Like Stalin in the effect of his gaze, Dzierżyński resembled Stalin in refusing to delegate the smallest trifle. Every detail – passengers travelling without tickets, rats in baggage compartments, matchboxes that contained not 100 but 85 matches – bothered him more than the general economic desolation and financial destitution facing the Soviets in 1923. The more Dzierżyński was mocked by Trotsky, the more he relied on Stalin. He asked Stalin for the right to deport ‘speculators, idlers, leeches’ as those responsible for price inflation.
57
Trotsky recalled: ‘Dzierżyński would catch fire on any question, even a secondary one, his fine nostrils would shiver, his eyes spark, his voice would tense and often break…’ Dzierżyński’s boast was: ‘I never ever spare myself. And that is why all of you here love me, because you trust me.’

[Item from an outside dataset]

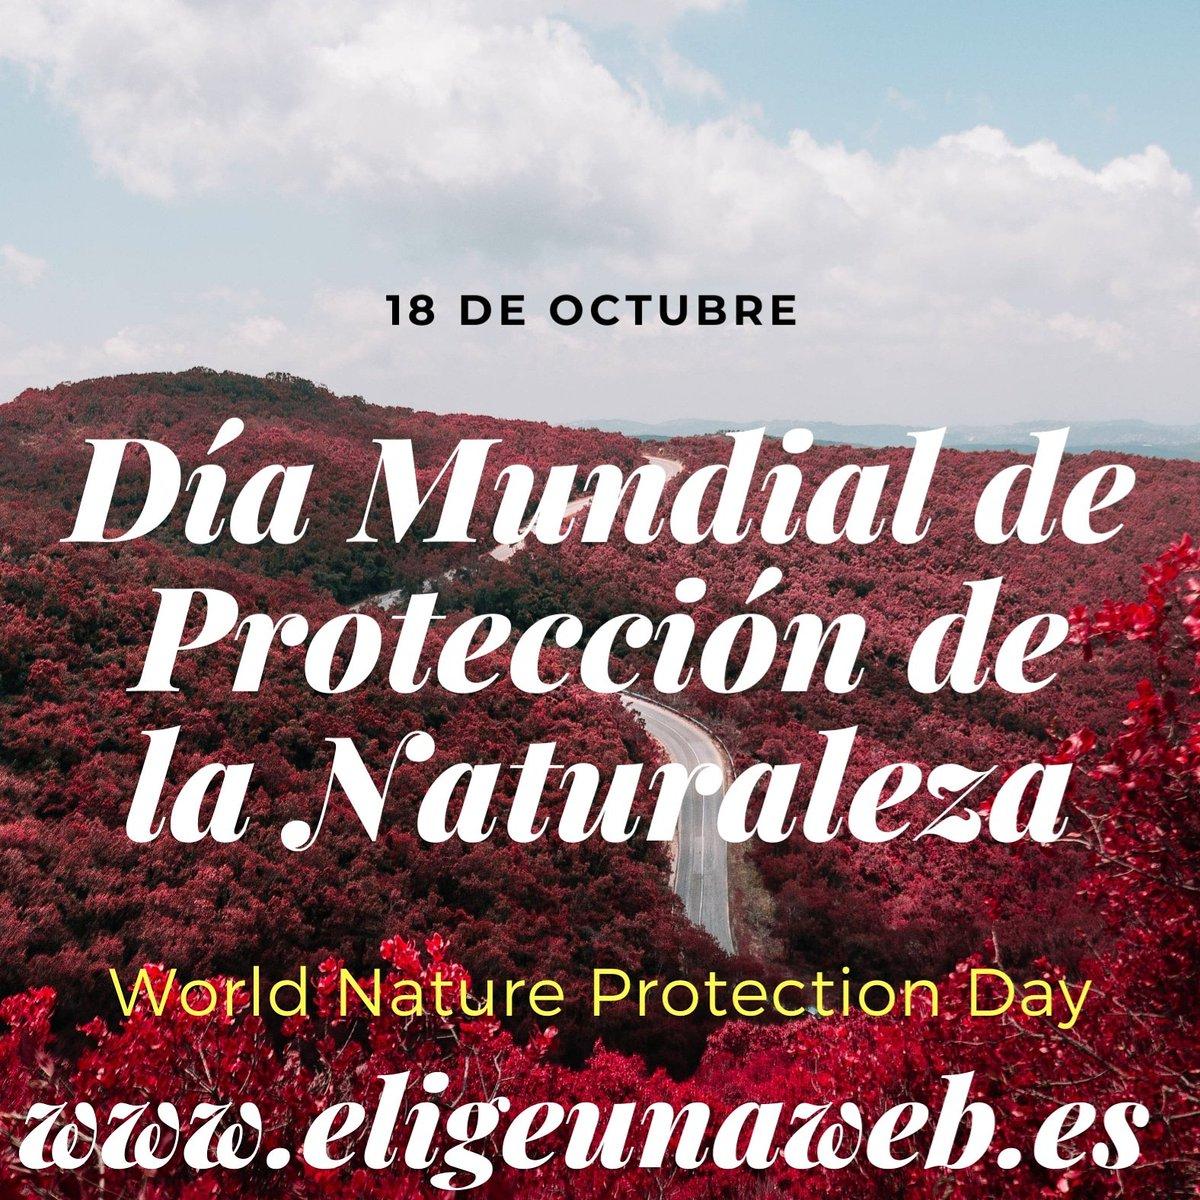 18 de octubre. Día Mundial de Protección de la Naturaleza. World Nature Protection Day. #hoy  #todayworld  #today  #hoyeseldía  #felizviernes  #happyfriday  #natura  #natural  #naturaleza  #proteccionnaturaleza  #natureworld  #nature  #natureprotection  #ProtectNature

As Lenin lay paralysed and speechless, the danger of civil war in the Soviet Union between an army that admired Trotsky and a bureaucracy that depended on Stalin had the rank and file of OGPU, itself both an army and a bureaucracy, vacillating. Dzierżyński held a meeting of OGPU functionaries during which he shouted hysterically ‘I hate you!’ at his co-speaker, the convinced Trotskyist Evgeni Preobrazhensky, editor of
Pravda
and co-author of
The Alphabet of Communism.
By the end of 1923, Stalin’s power, still threatened by those closest to Lenin, nevertheless had a wider basis than his rivals’. Stalin thrived, for he held three crucial posts in the party and the government: he was general secretary of the party, the dominant figure in the party’s organizational bureau, and he was commissar for national minorities. But Dzierżyński,
travelling the length and breadth of the Soviet Union to inspect OGPU, the railways and the economy, was physically and spiritually flagging. His secretary Vladimir Gerson protested but got no understanding from Stalin’s aides. One telegraphed:
Omsk. Dzierżyński’s health is now worse than in Moscow, the work no less. He gets more worked up, he curses more, since things are as bad as they could be. Dzierżyński’s presence here is indispensable, otherwise we could have complete collapse. There is no need for medical examination, I don’t understand how you, Gerson, can demand he be examined so that he doesn’t know, why don’t you tell me how?
58
Dzierżyński was suffering from years of malnutrition, tuberculosis and a heart condition exacerbated by frenetic work and travel. Once Lenin was dead, only Menzhinsky, Iagoda and Gerson cared if Dzierżyński wore himself out. Apart from their personal affection for him, he was the only chekist who had any charisma, and they basked in his chivalrous image. In 1925 Stalin instructed Dzierżyński, whom he now no longer needed, to reduce his working week to thirty-five hours; the Kremlin doctors forcibly X-rayed him and tested his blood. Together with Menzhinsky, his neighbour in the country, and Iagoda, Dzierżyński took the waters at Essentuki in the Caucasus. The doctors prescribed warm showers, regular enemas, a semi-vegetarian diet, Caucasian mineral water and long weekend breaks. Dzierżyński got no better. Typical of his attitude to his health and doctors is a letter to his secretary a year before he died: ‘I am still coughing, especially at night. I have thick yellow phlegm. Please give me medicine to disinfect my lungs and fix the phlegm. I need not be examined. I can’t stand the sight of doctors and will not consent to being examined. I request that the question not even be raised.’
59
On 20 July 1926, in the middle of a rambling, impassioned speech defending the peasantry against the left opposition’s programme of collectivization, Dzierżyński collapsed; he recovered briefly at home and then died. The autopsy revealed that his coronary arteries were blocked: he died, like Lenin, of arteriosclerosis.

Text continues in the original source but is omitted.